“Neither shall any plague come near your dwelling…”

In the 1800’s the great English preacher C.H. Spurgeon had just begun his historic pastorate in London. The sermons of the young preacher had caused an immediate buzz and people began to flood into the soon too small building. God was moving. But then as if the devil rose up to stop this fresh move, the Cholera plague struck (this was infinitely worse than Coronavirus). World wide the horrible plague lasted 14 years, from 1846-1860, killing tens of thousands. Young Spurgeon soon found himself daily attending the sick and dying with almost daily funerals. The preacher soon grew exhausted, both mentally and physically. He records how he began to fancy himself feeling sick, alongside experiencing attacks of fear. But then something happened. In his own words he writes:

“I was returning mournfully home from a funeral, when, as God would have it, my curiosity led me to read a paper which was hung in a shoemaker’s window in the Great Dover Road. It did not look like a trade announcement, nor was it, for it bore, in a good bold handwriting, these words:

‘Because thou hast made the Lord, which is my refuge, even the Most High, thy habitation; there shall no evil befall thee, neither shall any plague come nigh thy dwelling.’

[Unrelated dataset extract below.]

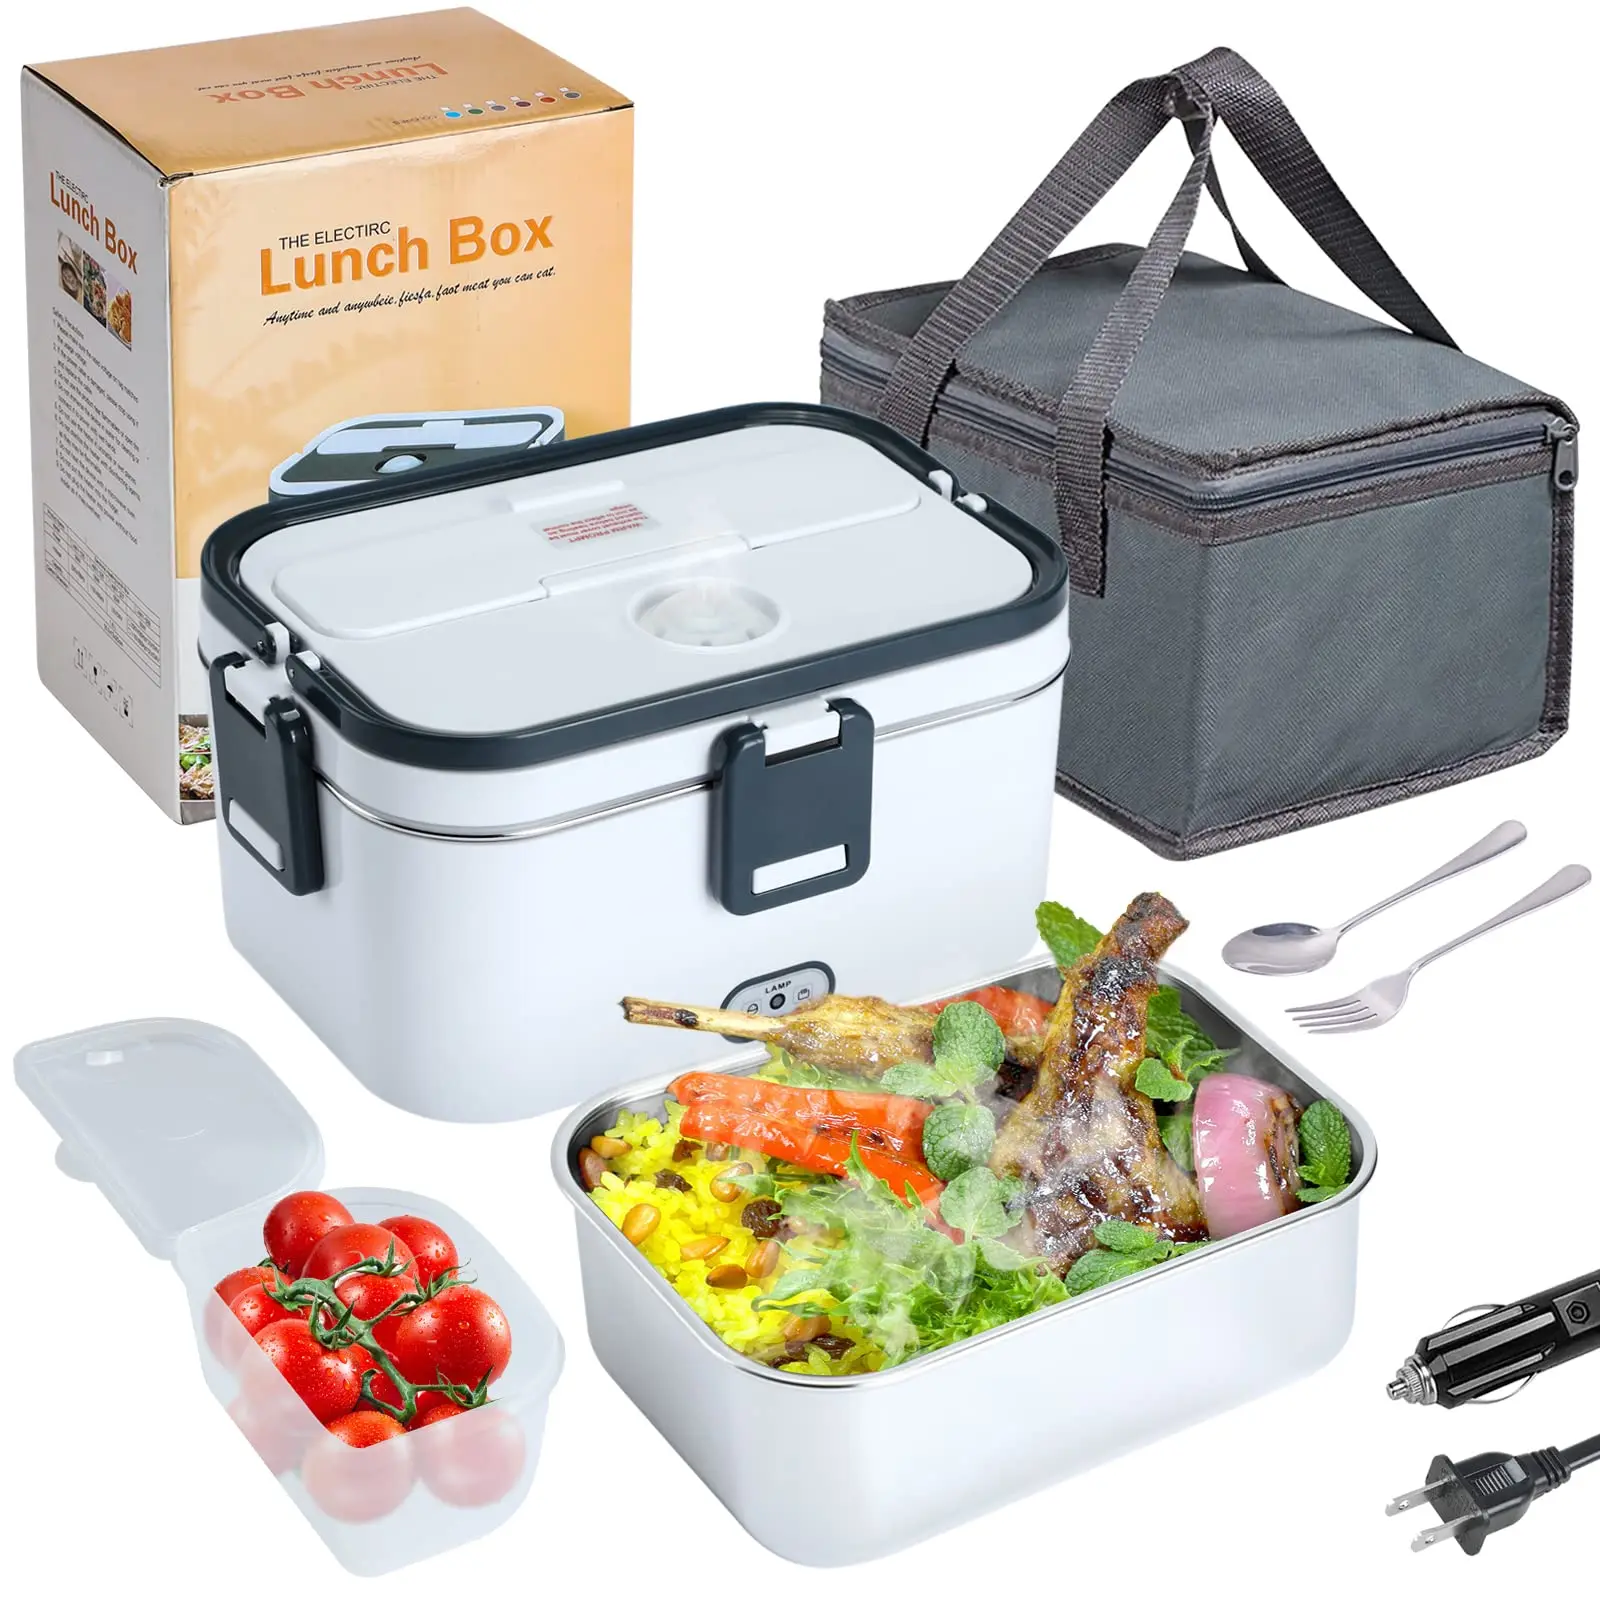 https://ae01.alicdn.com/kf/Sa16e00a5f7274c5ea4caeb7513e7fa596/1-8L-Electric-Lunch-Box-Food-Heater-High-Power-60W-Luncheaze-2-in-1-Portable-Heated.jpg

He testifies that “The effect upon my heart was immediate. Faith appropriated the passage as her own. I felt secure, refreshed, girt with immortality. I went on with my visitation of the dying, in a calm and peaceful spirit; I felt no fear of evil, and I suffered no harm.”

Dear church, there is nothing new under the sun. God’s promises are as good today as they were for Charles Spurgeon! Let’s keep our eyes on Jesus, our heart in His love, and our faith in His promises. THIS TOO SHALL PASS!